Шешковский прикрыл глаза прозрачной детской ладошкой.
– А только Бог с ними, с царствами. Не в них главный соблазн.
– В чем же он, ваше превосходительство?
– А вот в чем. Кто мне теперь в точности скажет, чему еще Тревога обучил скворца?
– Так расспросить его с пристрастием! Как на духу все и выложит.
– Кто выложит? Скворец?
– Ванька…
– Да вот же, пока не выложил. А расспросить – расспросили. Я сам на Васильевский, в смирительный дом ездил. А перед тем – на Пряжку, где Ванька одно время в гошпитале содержался. Только хитер Тревога! Рассказал многое, но не все. Сказки и прожекты его, вкривь и вкось накарябанные, сама государыня читать изволила. Про склонность его к обману и литью фальшивых монет ей тоже доложили. Равно как и про то, что призывал Тревога российских и иностранных подданных основать, как он сам написал, «с трудом и потом» – новое государство на острове Борнео. Выдумкам тревогинским матушка не поверила. Назвала их «сплетением вымышленных сказок». Но что-то в тех сказках государыню до слез тронуло. А посему вердикт ее был…

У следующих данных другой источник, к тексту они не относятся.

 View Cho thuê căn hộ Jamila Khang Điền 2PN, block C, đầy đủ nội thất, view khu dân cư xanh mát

Шешковский откинул сукно, вынул плотный лист бумаги: «Оный Иван Тревогин все сии преступления совершил по молодости своей, от развращенной ветрености и гнусной привычки ко лжи… Других же злодеяний от него не произошло…»
– Не имел Тревогин жестоких умыслов, – изволила добавить матушка-государыня, – пожалеть его надобно и от тяжкого наказания избавить.

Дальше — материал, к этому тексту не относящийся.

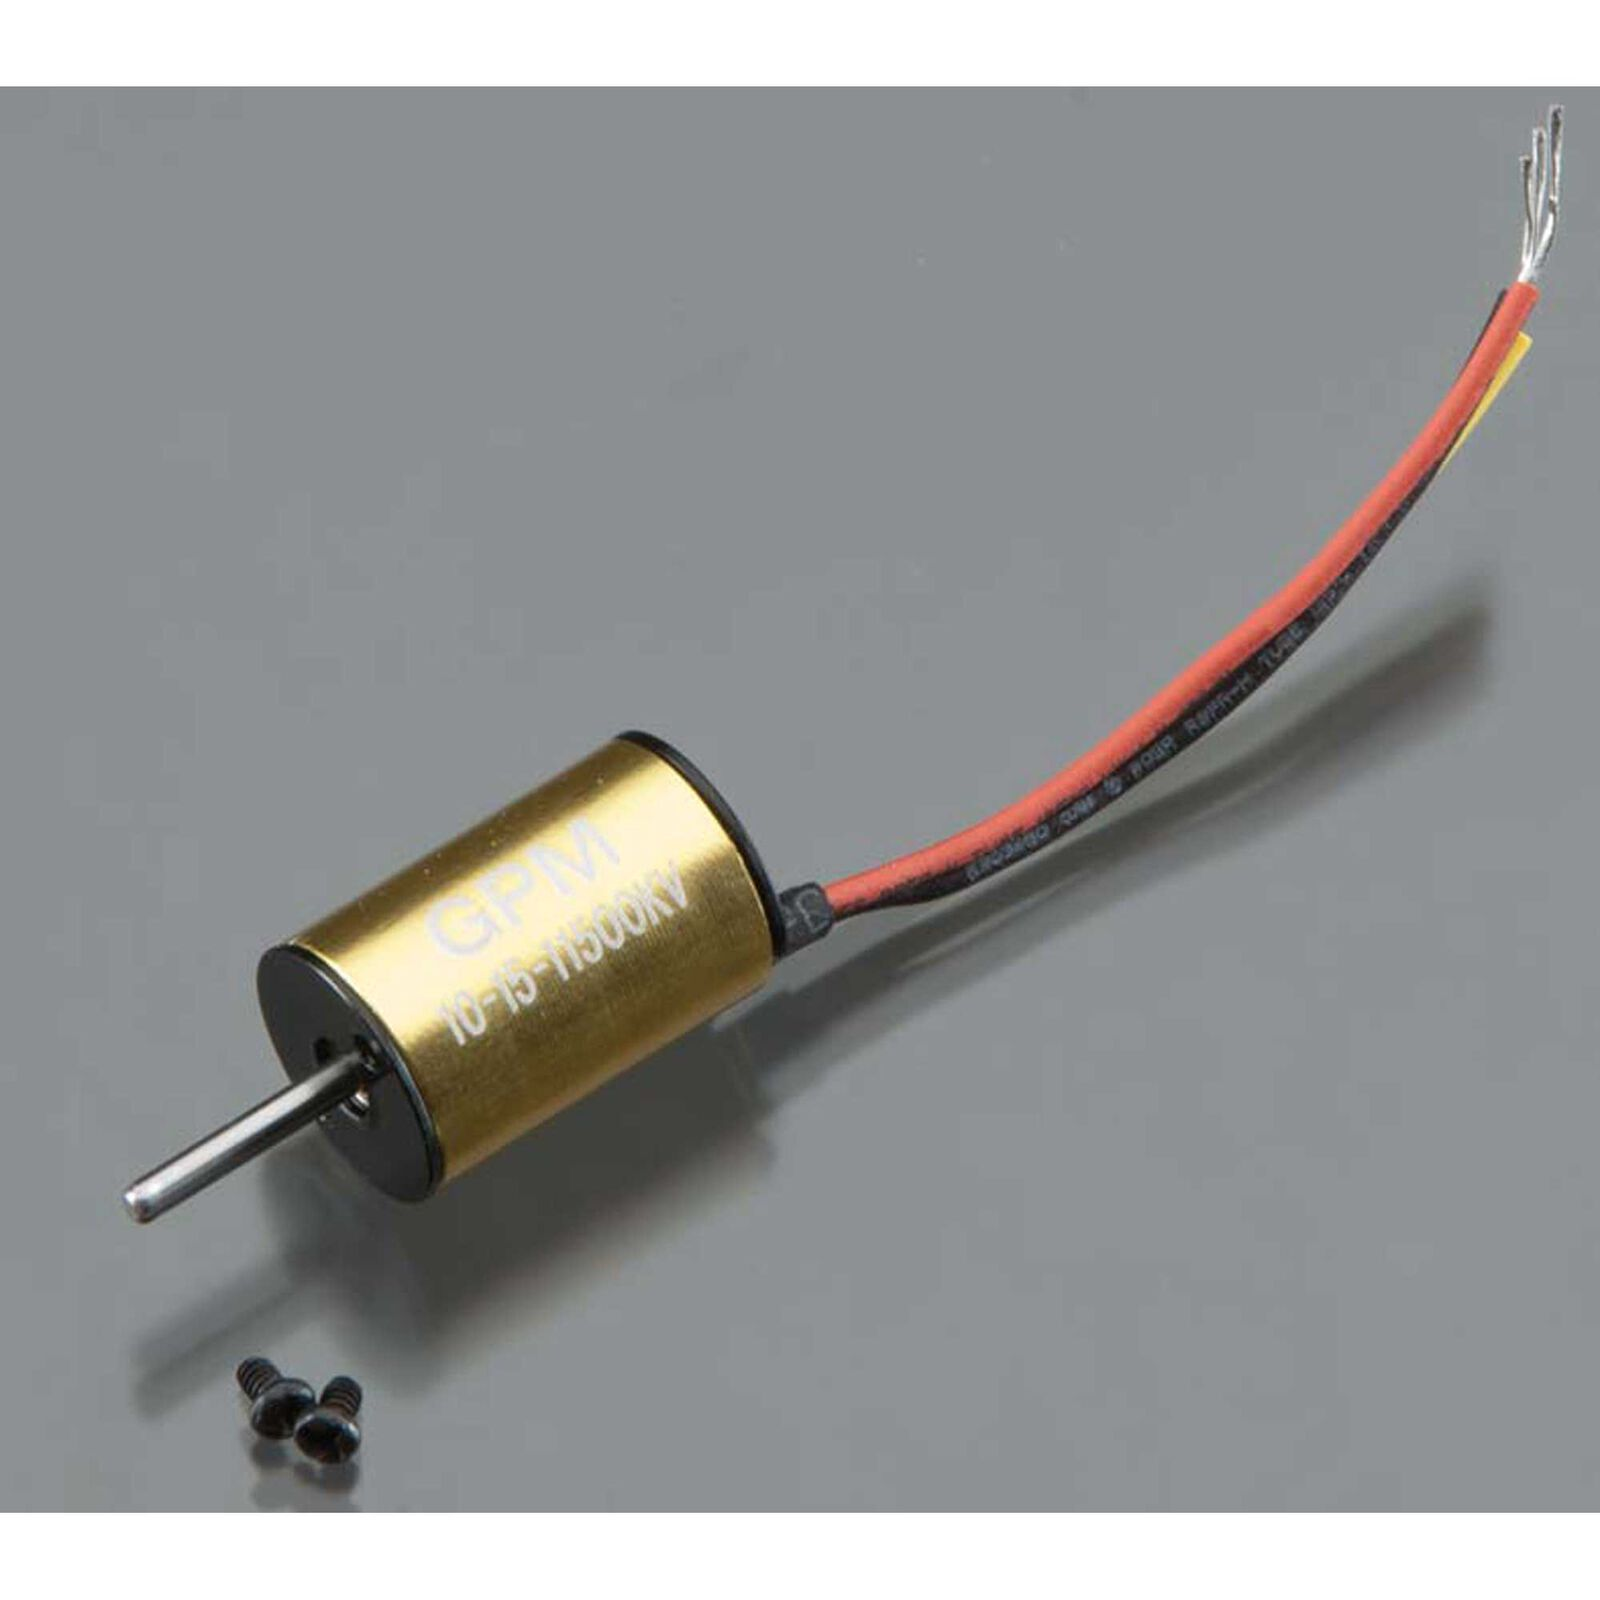 Electrifly 10-15-11500kV 2 Pole Brushless Motor

– Ну, ежели матушка-государыня так изволила говорить…
– Ты далее слушай. Тут дело ясное: брешет Тревога, как пес смердящий! Но брешет складно, иной раз высокоумно. А еще Ванька девичий характер имеет. Чувствительность его и пронзила государыню до слез!
– А я-то, ваше сиятельство, грешным делом, думал: к мужеским характерам матушка-государыня склонность питает.

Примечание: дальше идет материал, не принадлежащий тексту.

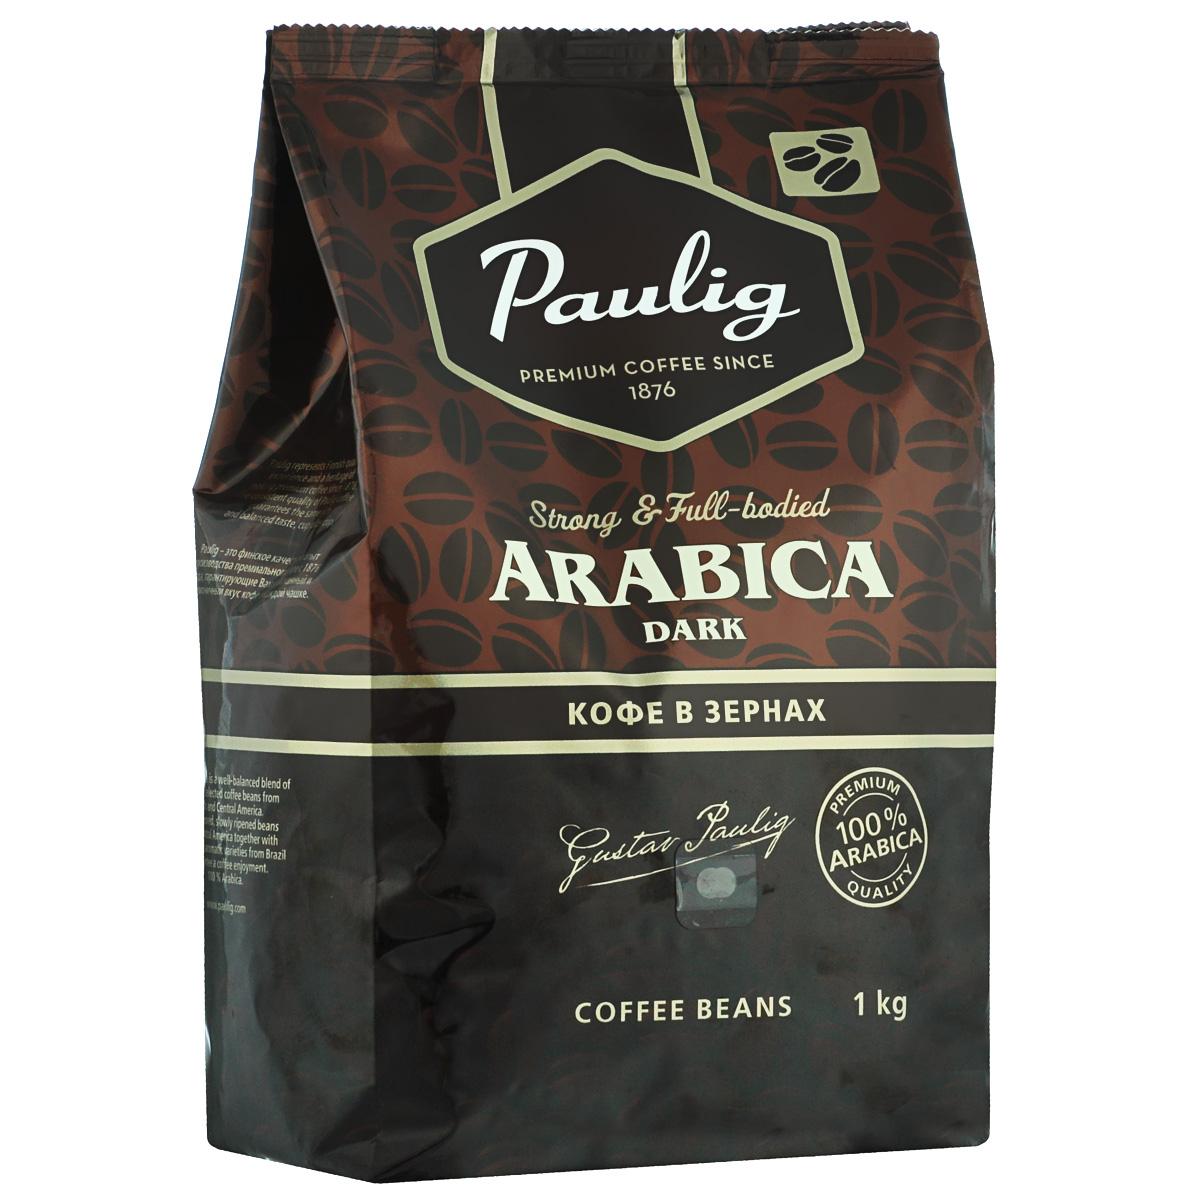 Paulig Arabica Dark кофе в зернах, 1 кг101246Paulig Arabica – это прекрасно сбалансированная смесь тщательно отобранных кофейных зерен из Южной и Центральной Америки. Все богатство аромата медленно созревающих зерен из Центральной Америки в сочетании со сладкими нотами и бархатистым вкусом бразильских сортов гарантируют вам наслаждение.

– Цыц, пакостник! В мысли матушкины нюхальник не суй! Ишь, смелость взял узнавать тайное… И сиятельством меня не зови. Из мещан я, хоть по должности и выше многих князей буду. В московской конторе тайных разыскных дел подканцеляристом служил. Сам бит, сам порот бывал. А говорю это того ради, что двадцать лет мы с тобою, Игнатий, одну лямку тянем. Еще потому, что не всякий поротый злобу на порку держит. Таков и я… С Ванькой же Тревогой и его птицей деликатность требуется. Не каждому доверить могу. И матушка-государыня недовольна будет, коли что не так. Про Москву тоже вспомнил не зря: тайная часть нашей беседы Белокаменной коснется.
Шешковский встал, легонько охлопал себя по бедрам, щелкнул кистями рук.
Кабинет был затемнен. Узко сдавленное питерское утро в него почти не проникало. Рыжебровый Игнатий, в который раз уже, подивился мозглявости обер-секретаря Тайной экспедиции при Правительствующем Сенате. Посмеялся про себя и над мелким чмыханьем Степан Ивановича.
Чмыханье, однако, было делом привычным. А вот что оказалось новым, так это запах пачулей. Мшистый, женский, плывший из тайной комнаты, соединенной с домашним кабинетом Шешковского, запах встревожил Игнатия не на шутку!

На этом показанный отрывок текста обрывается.